Kugler stressed that the concert company was a separate business and said that Ned Pan Inc. “believes it is in compliance with all applicable gift laws.”
In addition to the state limit of $470 annually, Los Angeles imposes a stricter limit of $100 annually on gifts to elected officials from “restricted sources,” which include city contractors and people who have recently sought to influence those officials on something that affects them financially. Lawmakers are also barred from asking for gifts from those sources.
More broadly, L.A. bars city officials from asking for or accepting any gifts when it is “reasonably foreseeable” that they could be influenced by those gifts in their official duties.
Los Angeles City Ethics Commission staff did not answer questions from The LA Times about whether the “Hamilton” tickets were subject to the stricter limit, but several council members treated them as if they were, reimbursing the company for all but $100 of the ticket value.
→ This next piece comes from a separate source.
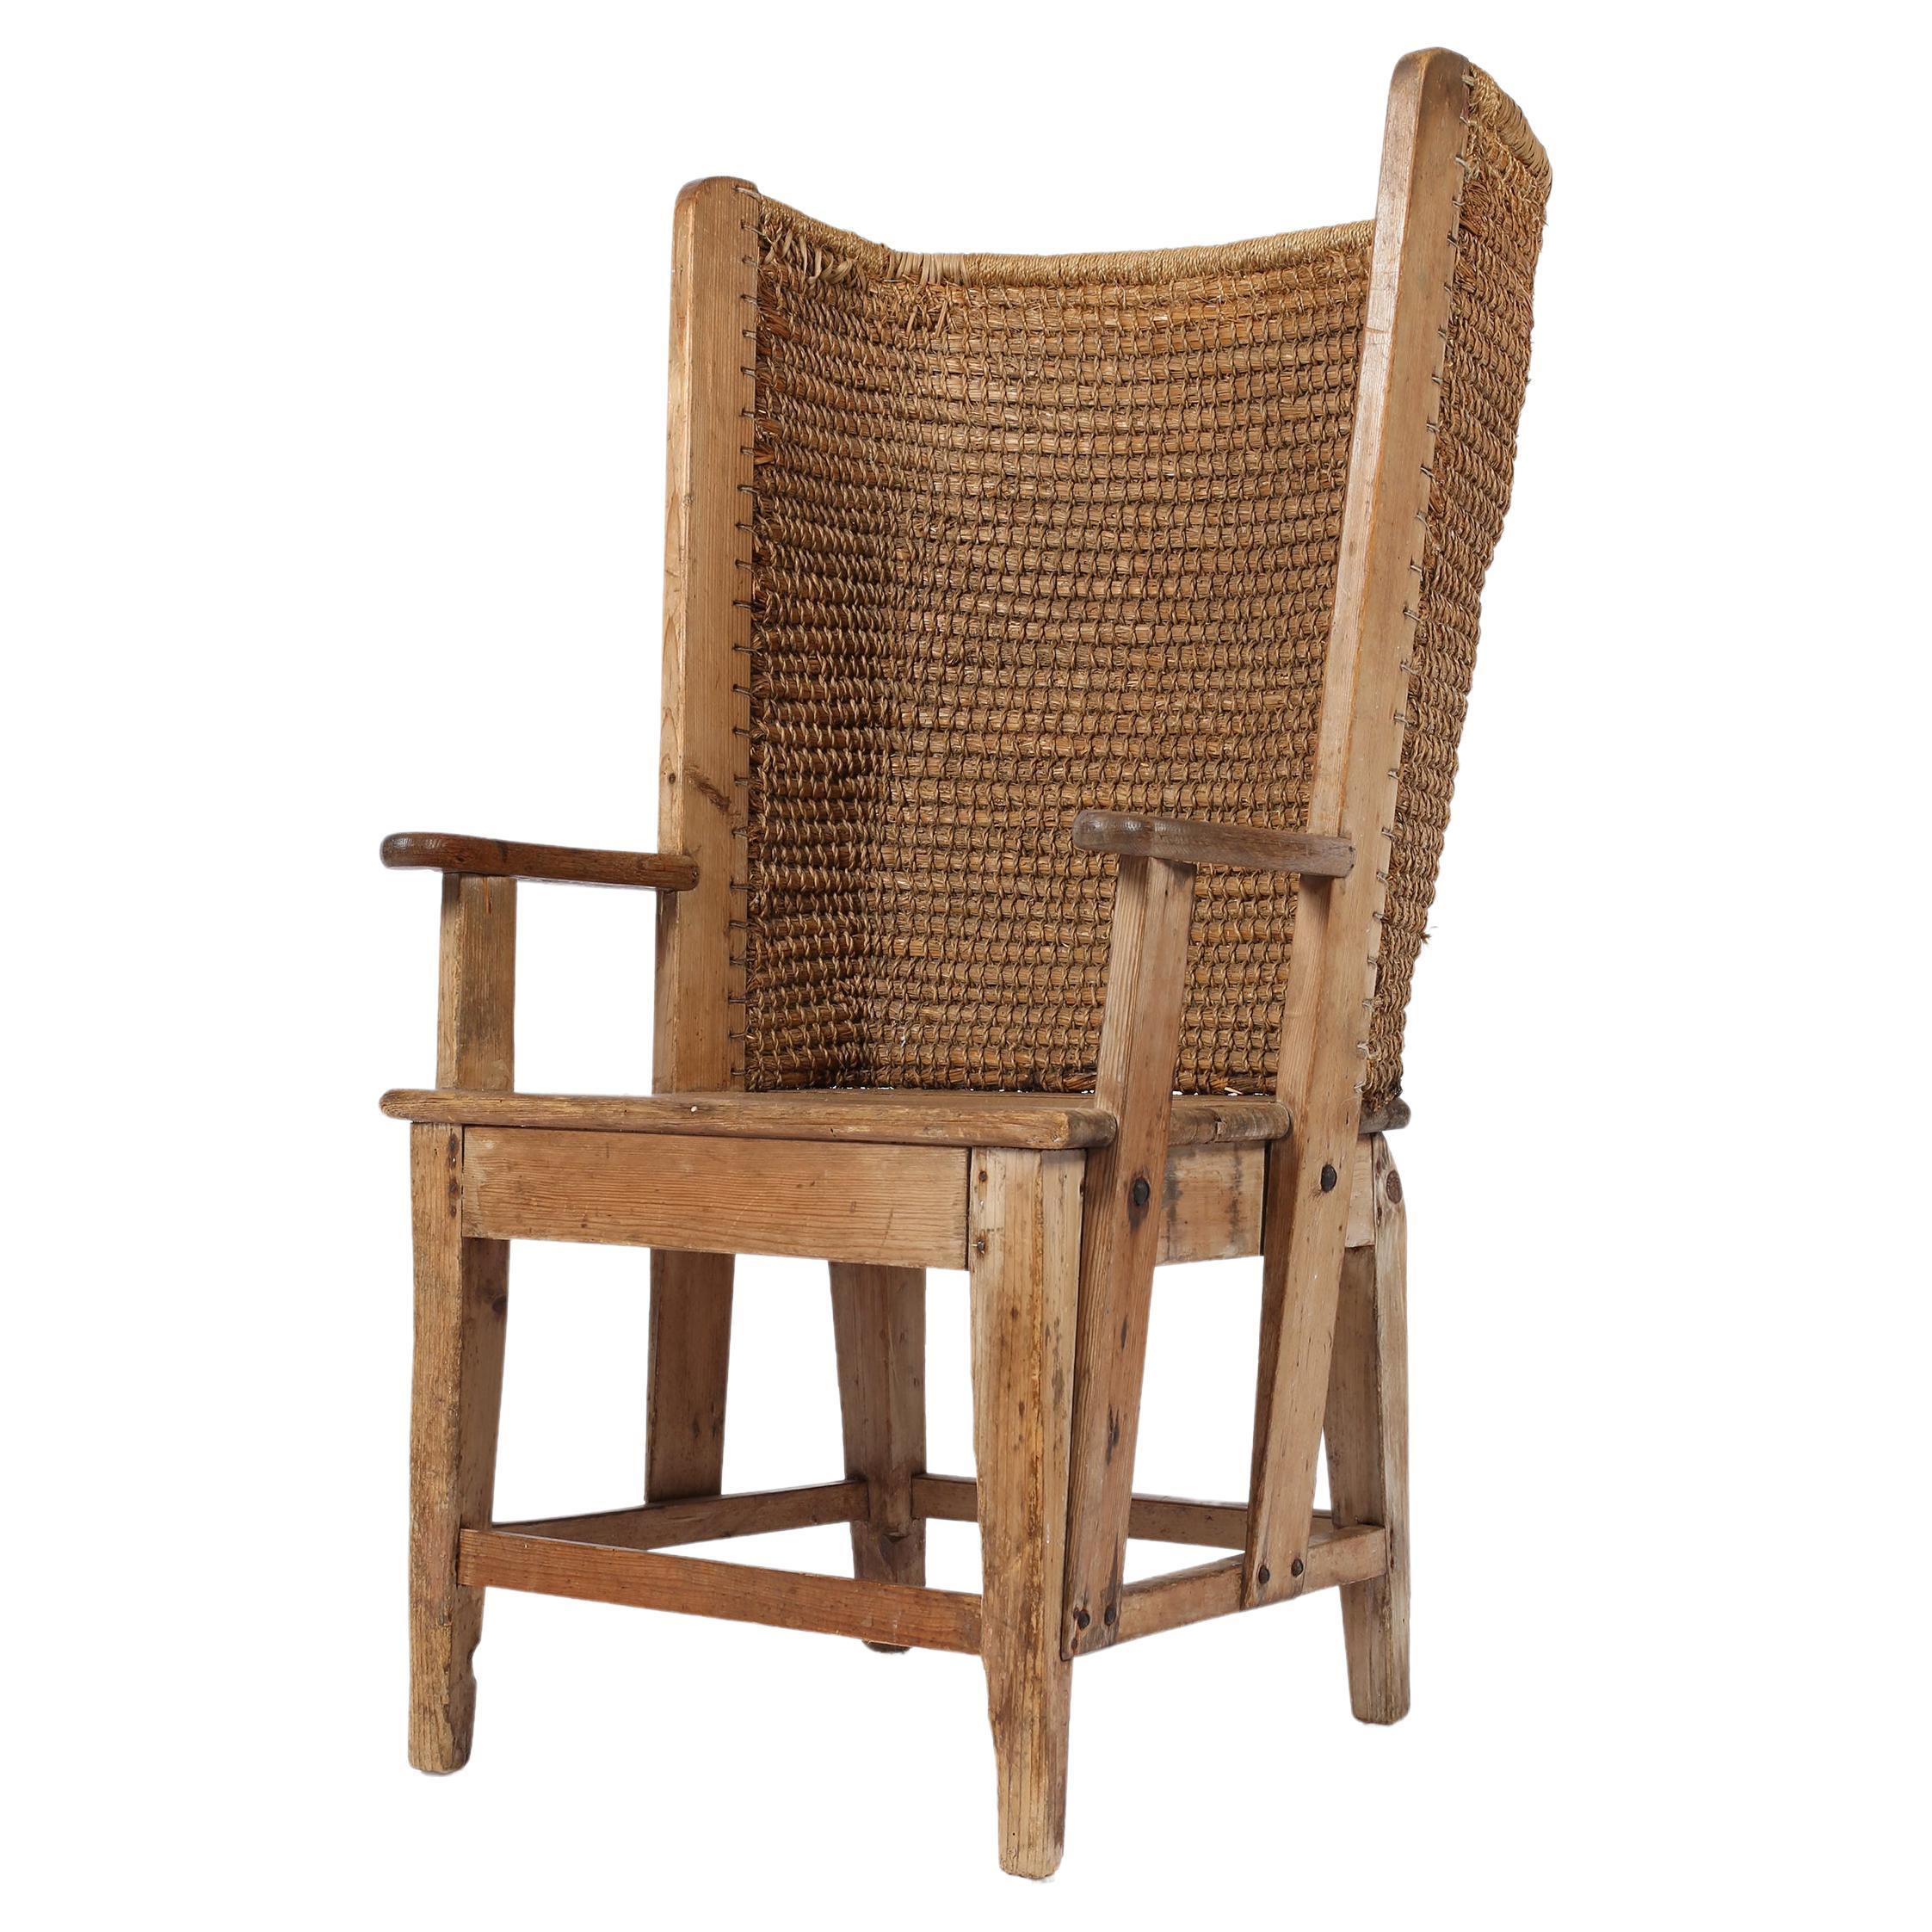 Late 19th Century Scottish Vernacular Pine and Woven Straw Orkney Chair

In a September letter, Councilman Paul Koretz thanked Green for the “Hamilton” tickets and said he could accept only $100 in gifts from the company because it was a “restricted source,” offering a personal check for the rest of the admission price for him and a guest.
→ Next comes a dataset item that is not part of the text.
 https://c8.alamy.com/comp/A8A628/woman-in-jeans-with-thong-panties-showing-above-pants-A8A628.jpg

Koretz said it “just seemed like the safer way to go.”
His wife, Gail Koretz, who works for Mayor Eric Garcetti, accepted an additional two tickets worth $250 as a gift because the company is not a restricted source for her, the councilman said. Los Angeles has different rules about who counts as a restricted source for city staffers who are not elected.
A few politicians did not go: Councilman Mike Bonin turned down the offer. Councilman Paul Krekorian, City Controller Ron Galperin and City Atty. Mike Feuer said they were unable to attend. And Councilman Bob Blumenfield went to see the show on another night and paid directly for his own tickets, his district director Michael Owens said.